Monday, March 12, 2012

Fighting for my Life

 When I was first diagnosed with Multiple Sclerosis I remember my new neurologist opening the conversation with "You aren't going to die." Which for the most part is true. Recently Davy Jones of the Monkees passed away and asked for all donations be made to the National Multiple Sclerosis Society in remberence of his neice who "died of Multiple Sclerosis".  I have come across so many people who have told me stories of relatives who have died of MS. Great strides have been made in research and treatment to those diagnosed with MS and many can live their lives with MS "normality".

When you are diagnosed with a disease like Multiple Sclerosis you start to view your entire life differently and think differently, at least I did. The moment I heard that there is a chance I could end up in a wheelchair or suffer physically I decided to  appreciate the simplicity of being physically active now. When you hear the words "You might not be able to walk".....YOU WALK! You walk, run, jump, play etc etc etc. When you hear that your sight could be impaired or you could go blind....YOU SEE! I stop myself often during each day and soak up what I see, and thank God that I am able to see with minimal optic damage. My memory has gotten worse and at times I get confused but I make sure to aide myself with a day planner, my iPhone, and constant reminders.  I have to inject myself every single day with a medication to help slow/stop symptoms. I don't dwell over the large welts left on my legs, arms, stomach and hips--I can't think that way. That is my medication, it's going to keep me safe. My point is that where as I am not dying or show any physical symptoms of this disease--I am doing everything to fight for a "normal" life. It is a battle. It would be easy to just throw a pity party and give up but that's not the option I was one told me I was going to have a normal life again. Most people's normal does not include needles, pills, MRIs, memory exams, evoked potential eye exams and the list goes on. But mine does. This is my normal...this is my life and I am honestly one of the lucky ones. At the Mellen Center (Cleveland Clinic MS Center) I see far worse and many times I have had to choke back tears in the waiting room. Closer to home I can look at my mother and see that she has trouble walking and that pushes me even harder.

If by some chance I start to get worse then I want to know that I sure as heck didn't go down without a fight.

This year we are participating the Cleveland MS Walk. Please consider donating to our team--the money raised helps those living with Multiple Sclerosis and aides the NMSS.


E said...

I was just thinking about writing a post about how living with pain has changed the way I live. When I have bad days I think about you.
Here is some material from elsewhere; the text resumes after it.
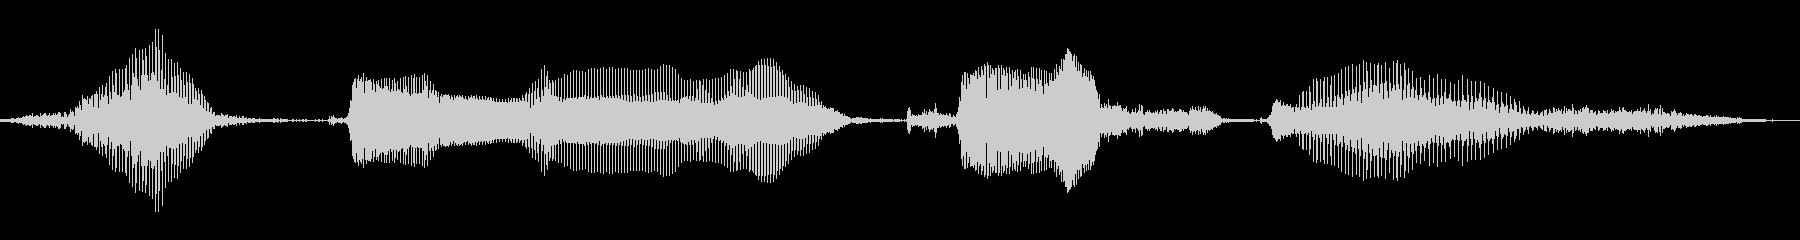 Happy Merry Christmas!'s unreproduced waveform
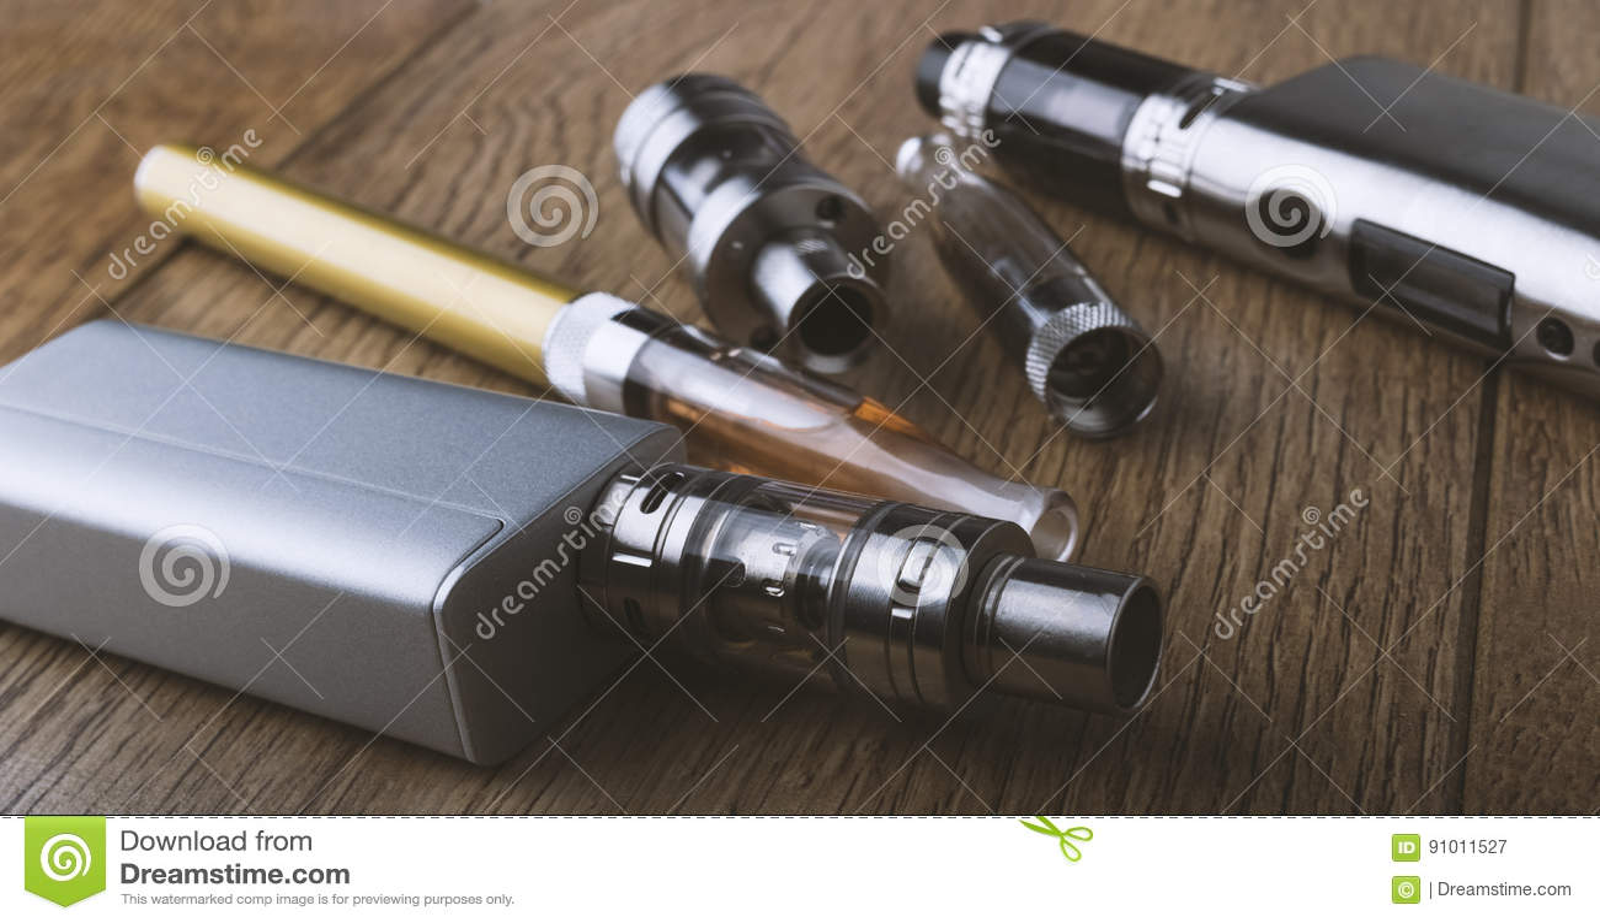 Vape pen and vaping devices, mods, atomizers, e cig, e cigarette

Swearsies.

Becky Miller said...

I just finished editing and illustrating a book for a well-known food scientist, Woodrow Monte, PhD, in which he reveals in detail his discovery of the cause of Multiple Sclerosis. MS is on the rise, and avoiding it - and in some cases even curing it - is actually very simple. Dr. Monte’s work is sound and his conclusions are undeniable in face of the evidence. He has been working with several MS patients who, based on his findings, are getting their lives back. One who was in very bad shape not long ago is now driving and riding her horse for the first time in six years.

The simple one and only cause of MS is exposure to methanol. It is the methanol in cigarettes that is responsible for the known link between MS and smoking. It is the methanol in Ditto machines that is responsible for the MS cluster in school teachers. And it is the methanol in aspartame, which is heavily consumed in diet sodas, that is responsible for the explosion of MS in the past 30 years since its approval by the FDA for use in diet drinks. Methanol is found in lesser amounts in several common foods as well, but all are easily avoided.

When consumed, it is converted by the enzyme known as Alcohol Dehydrogenase Class 1 (ADH1) into formaldehyde inside the body’s most sensitive tissues. Formaldehyde works as an embalming agent because it is very "sticky" - it is a molecule that grabs onto anything it comes in contact with, and it ties all the cells together, causing a rubberizing effect. Once inside the brain, the formaldehyde quickly attaches to the myelin sheaths, and that change prompts the body's white blood cells to devour the damaged sheaths. The myelin sheath can regenerate if it is not yet entirely destroyed - which is why MS sufferers experience periods of remission and why avoiding methanol in the diet and environment can cure MS if it hasn't gone too far.

More information about Dr. Monte and his work can be found on his website: His diet is here:

Please do yourself a HUGE favor and get his book - it will give you your life back! It is available for Kindle or in print. If you will email me I will send you a copy of one of the chapters in the book that I believe will convince you. My address is beckymillerartist at yahoo dot com. I won't use your address for anything else and I won't share it with anyone.

Anonymous said...

You are one amazing woman! Everything you said is soooo true and it is how I live my life everyday as well though under different circumstances. The mind is very powerful and something as simple as changing the way you think can change your whole body! You can "think yourself" healthy as well as sick. You have a great understanding and outlook on life! Continue to heal yourself from the inside out... Mind, Body, and Spirit. God Bless!